##### SOURCE INFORMATION #####

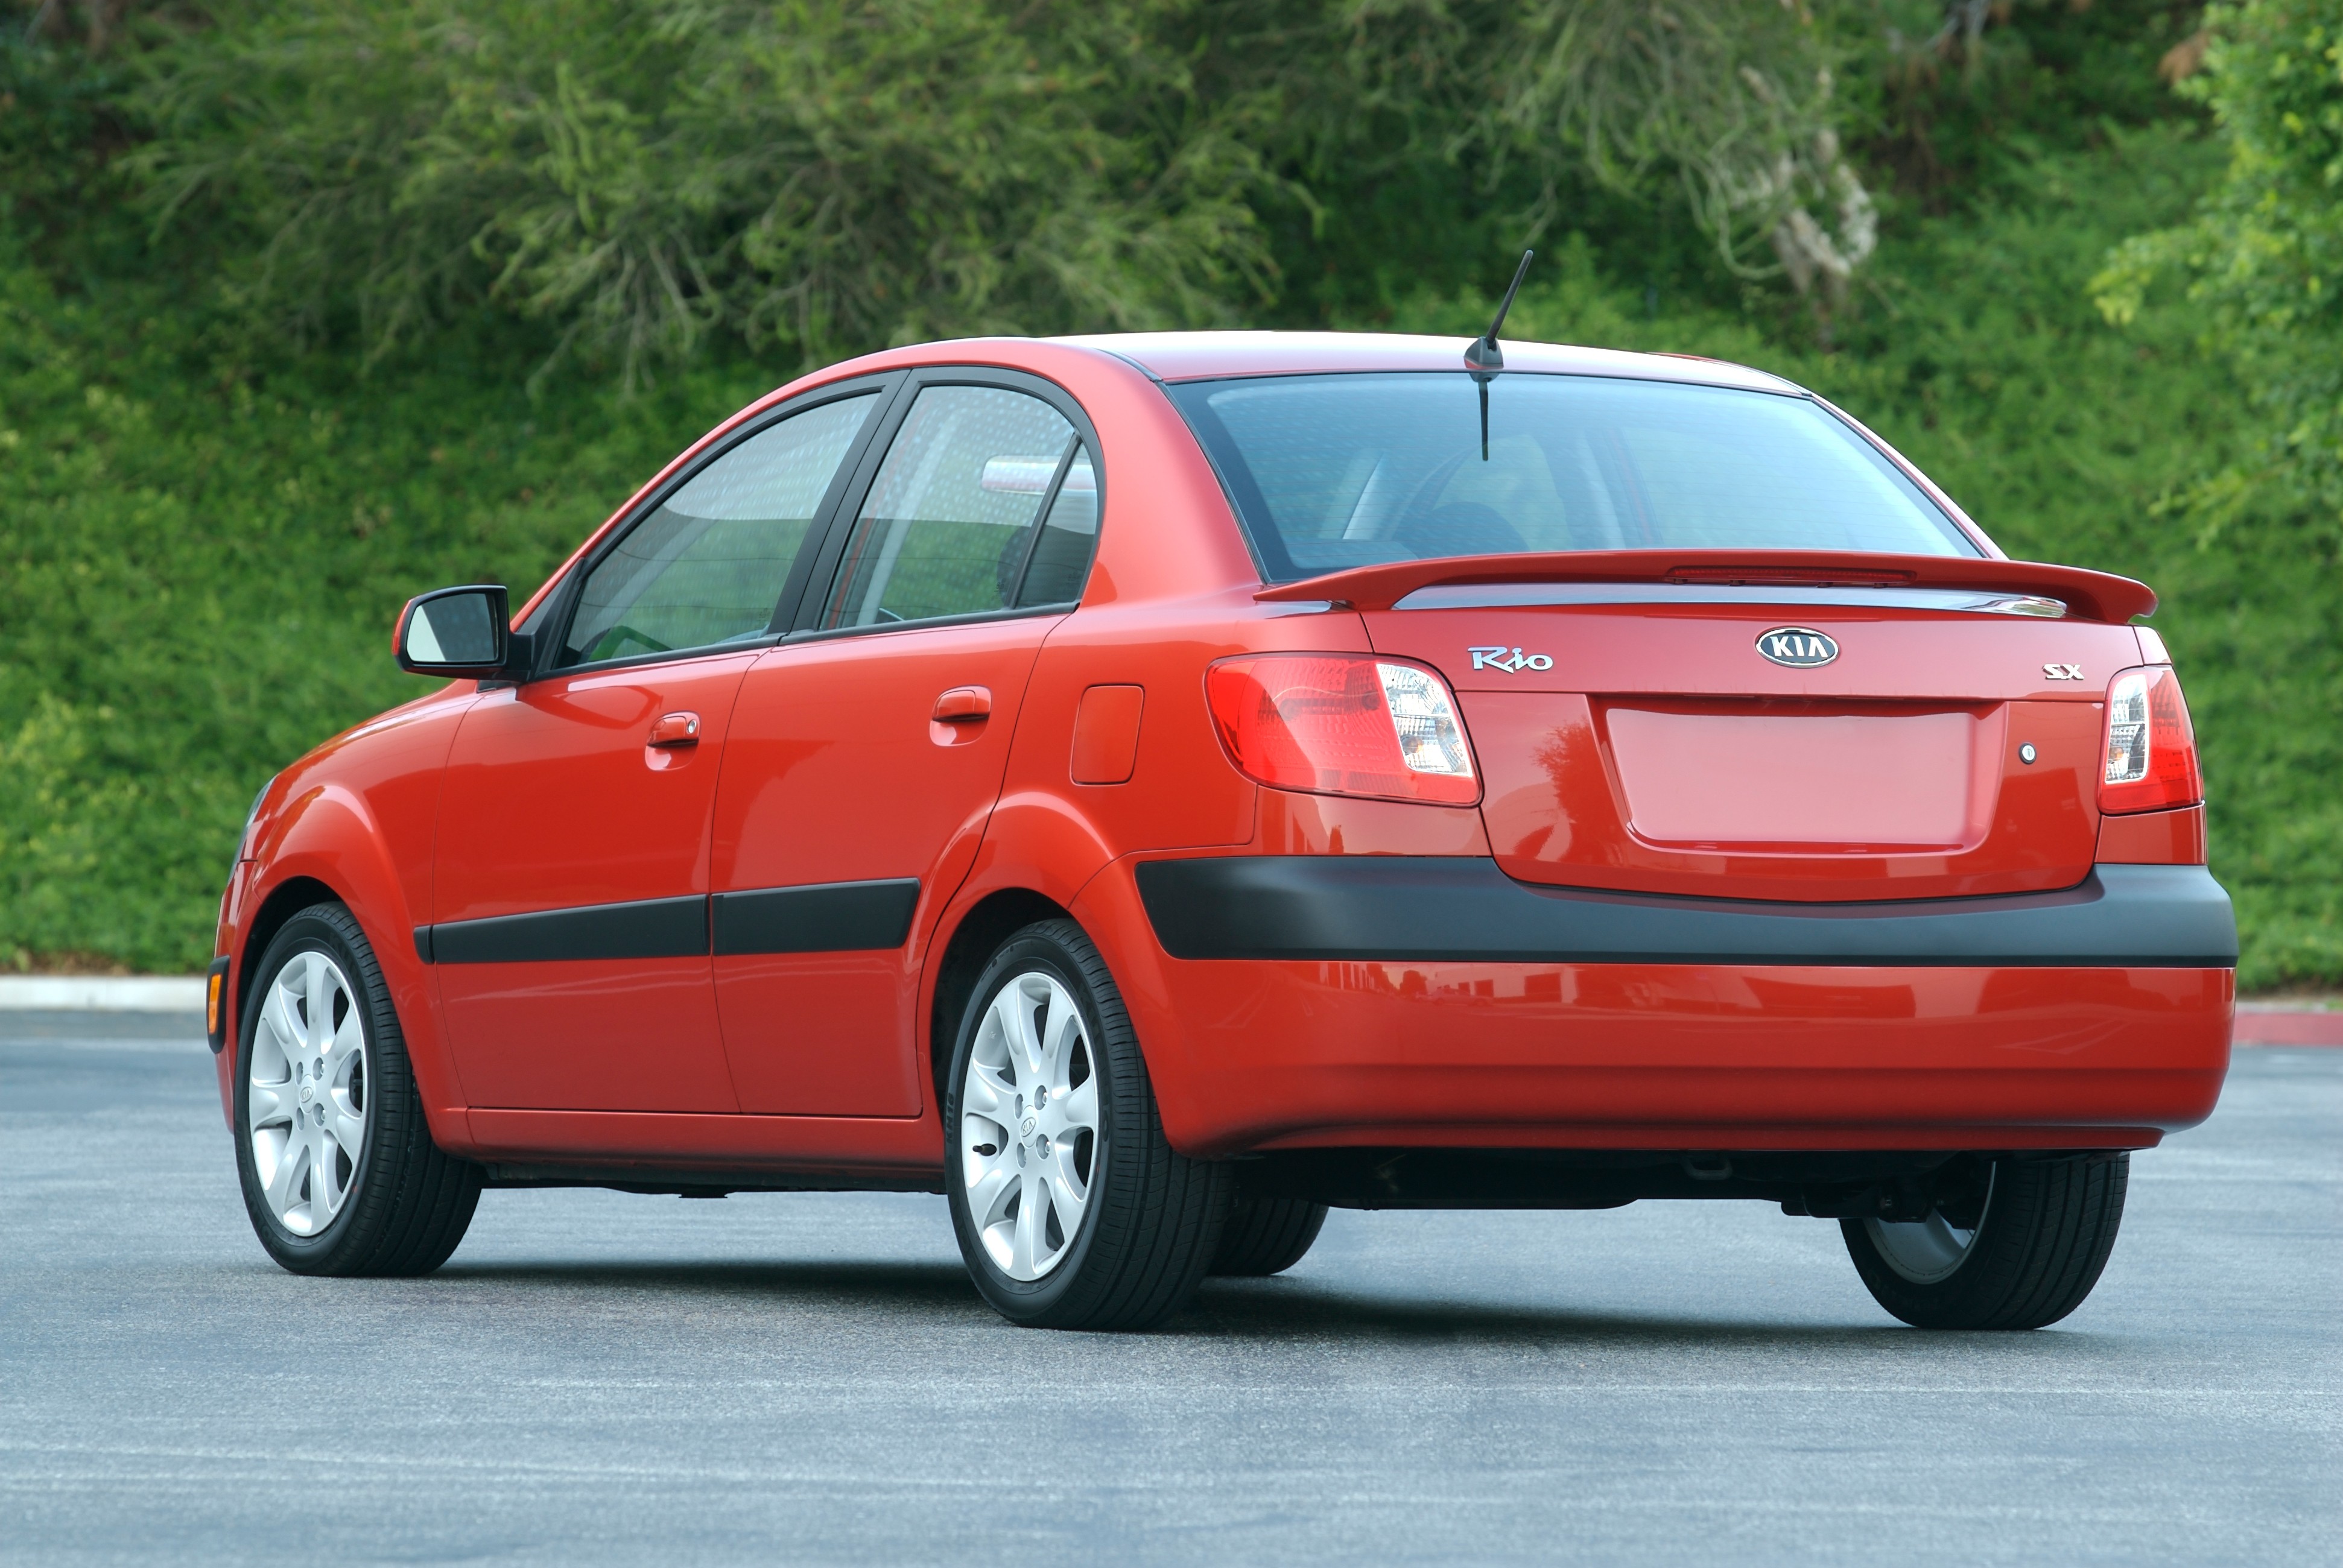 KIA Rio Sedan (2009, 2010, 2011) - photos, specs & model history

#####
##### SOURCE INFORMATION #####

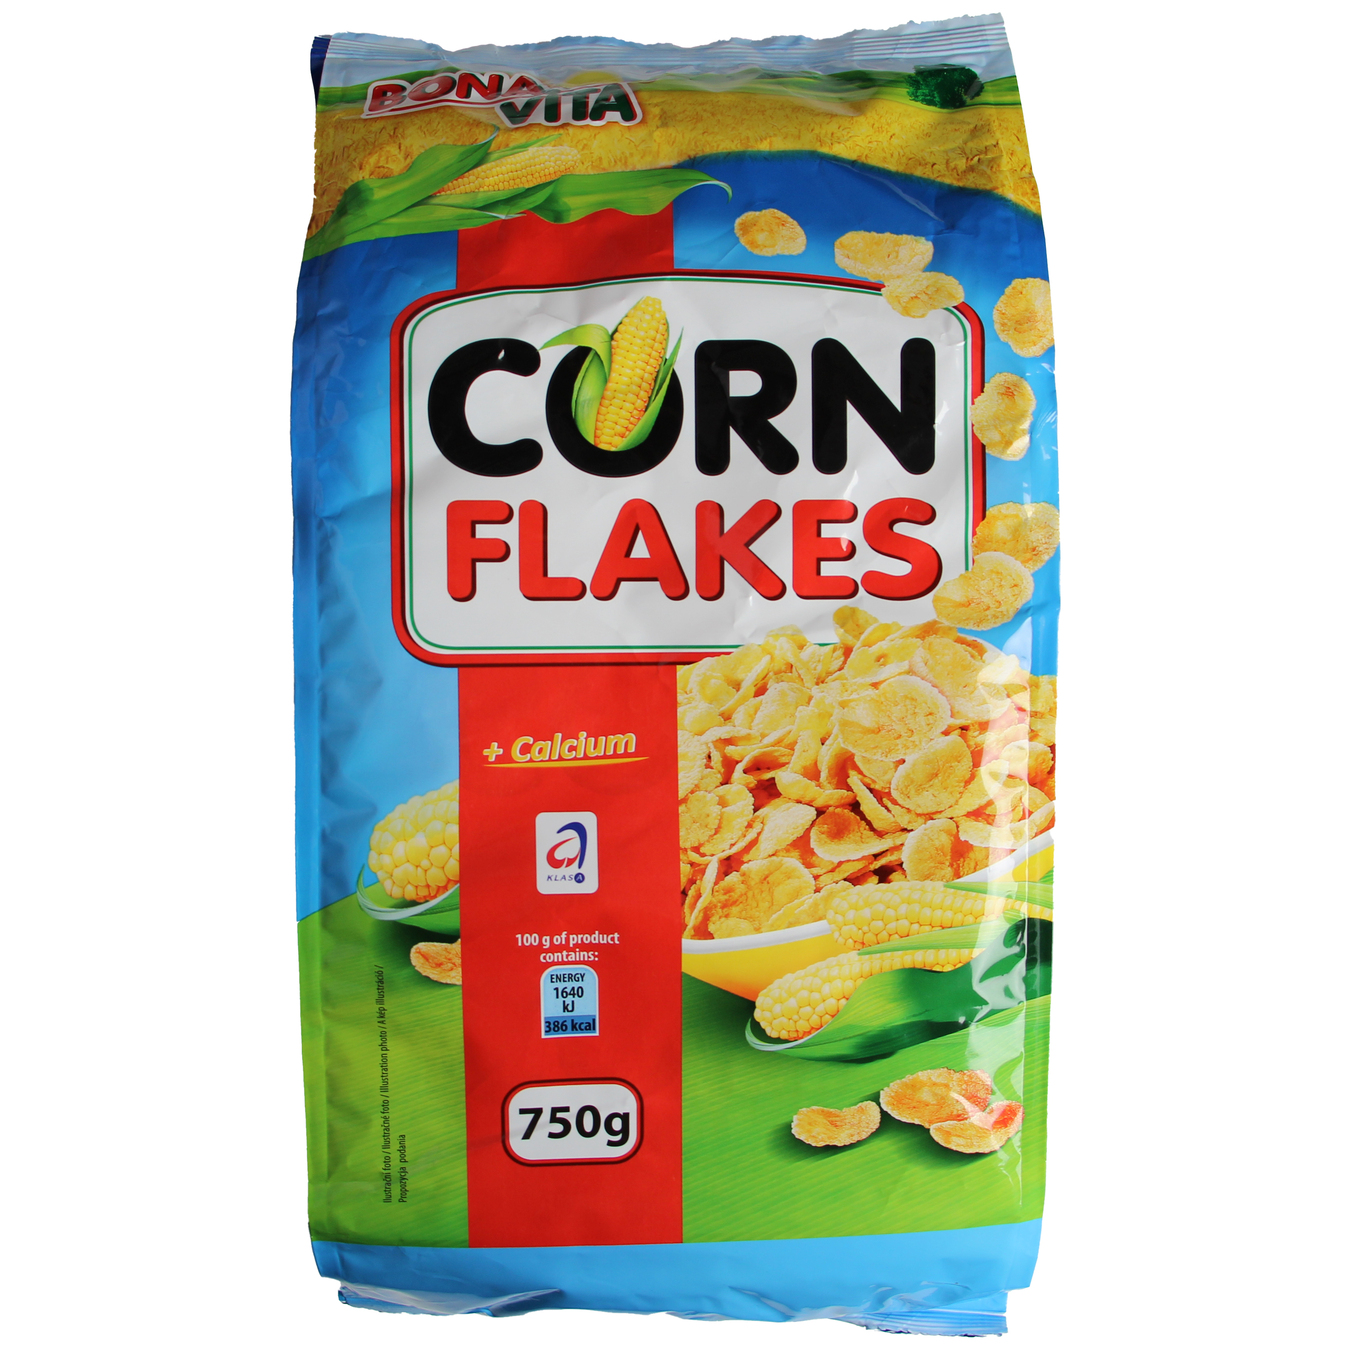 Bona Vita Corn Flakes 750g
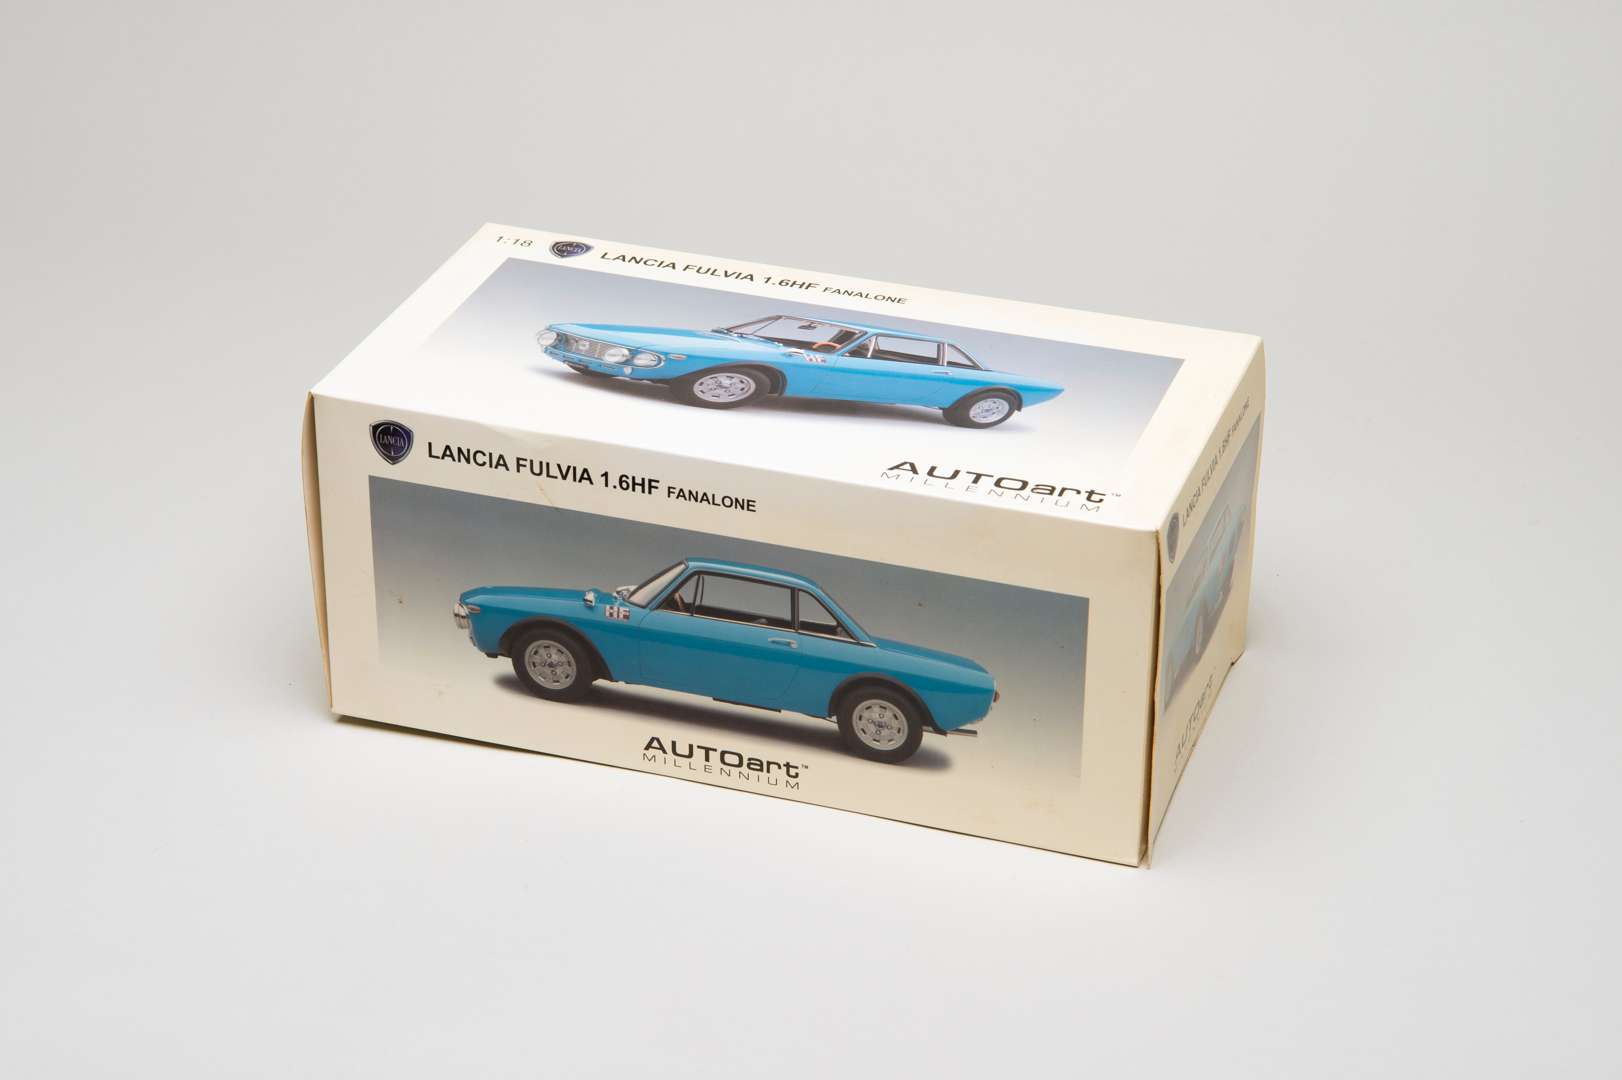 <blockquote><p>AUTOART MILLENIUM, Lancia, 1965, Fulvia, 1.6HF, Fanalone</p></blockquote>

#####
##### SOURCE INFORMATION #####

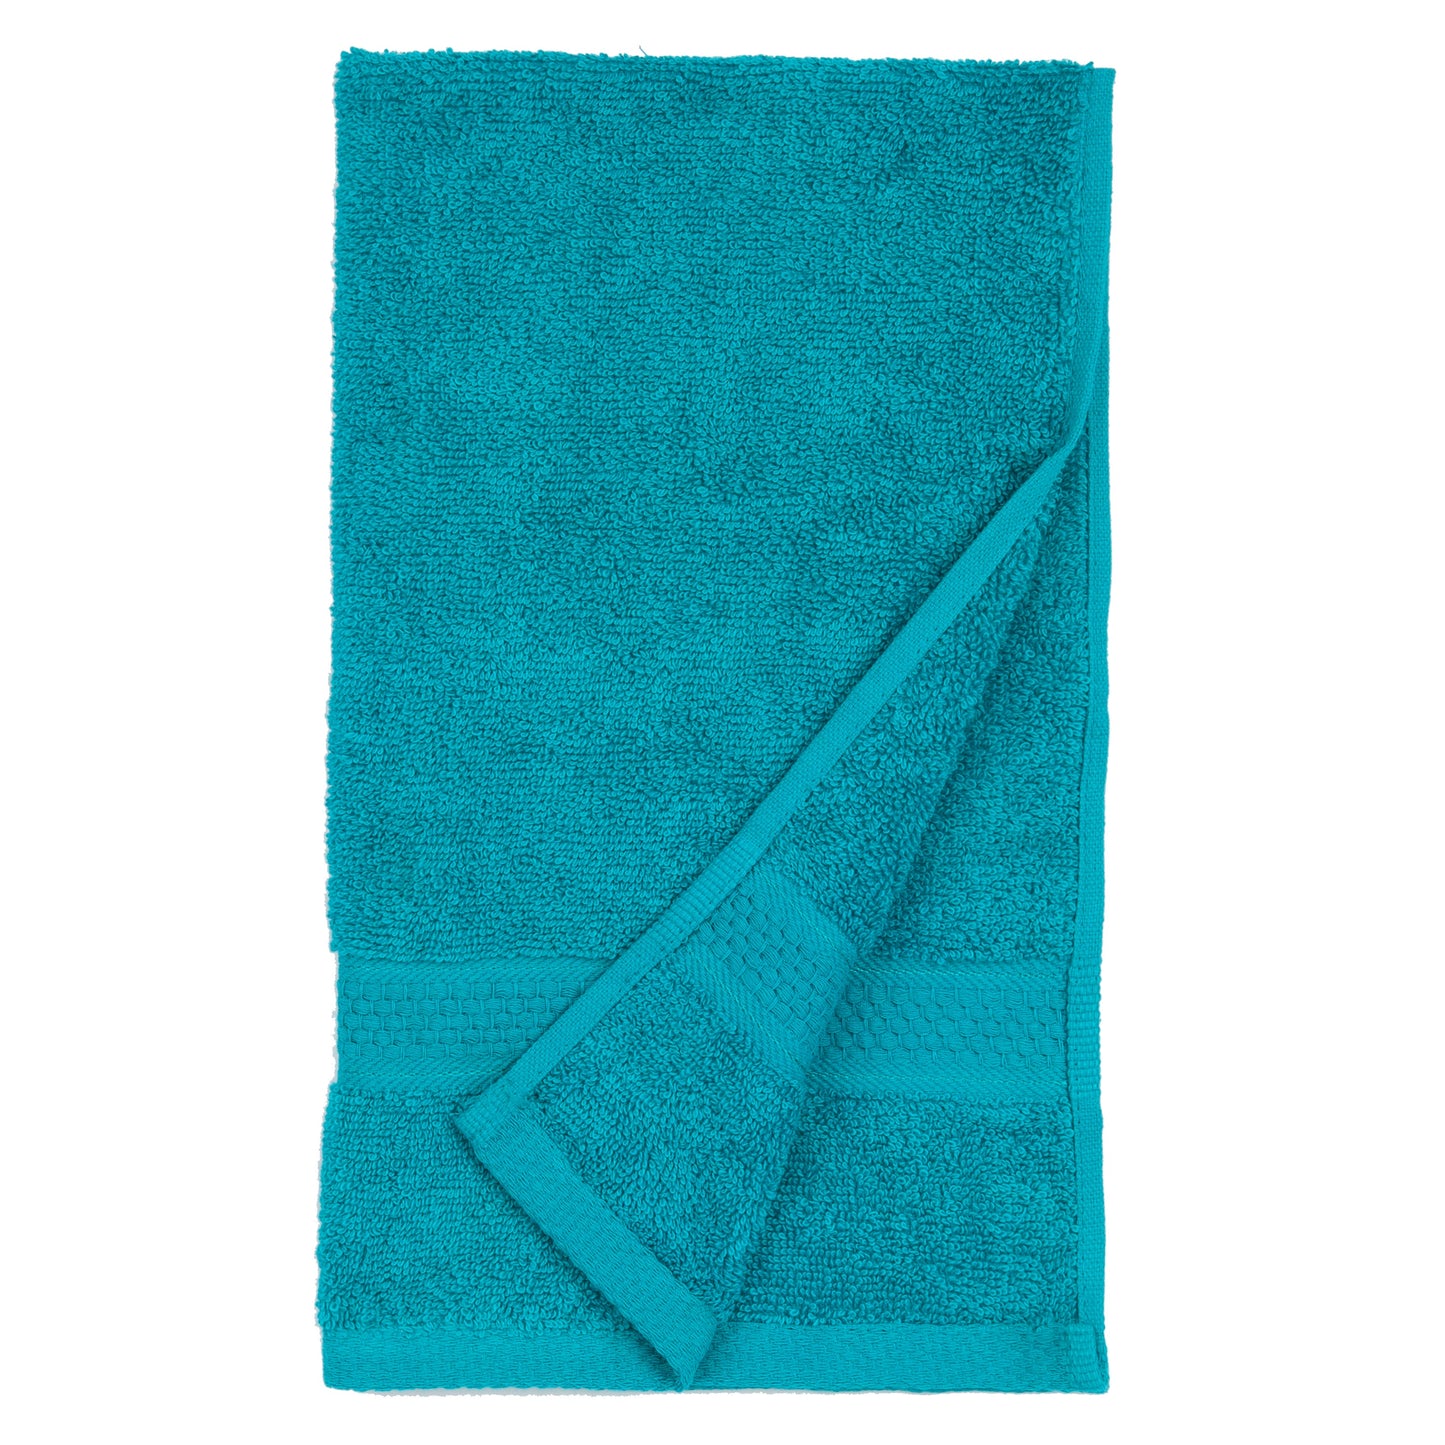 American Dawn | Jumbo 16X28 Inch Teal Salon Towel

#####

#### [TASK TO CARRY OUT]
Go down the entries above from the line containing "Bona Vita Corn Flakes 750g" to the line containing "Fulvia, 1.6HF, Fanalone</p></blockquote>" and write out each line exactly, leaving pictures out.

#### [OUTPUT FOR THIS EXERCISE]
 Bona Vita Corn Flakes 750g
 <blockquote><p>AUTOART MILLENIUM, Lancia, 1965, Fulvia, 1.6HF, Fanalone</p></blockquote>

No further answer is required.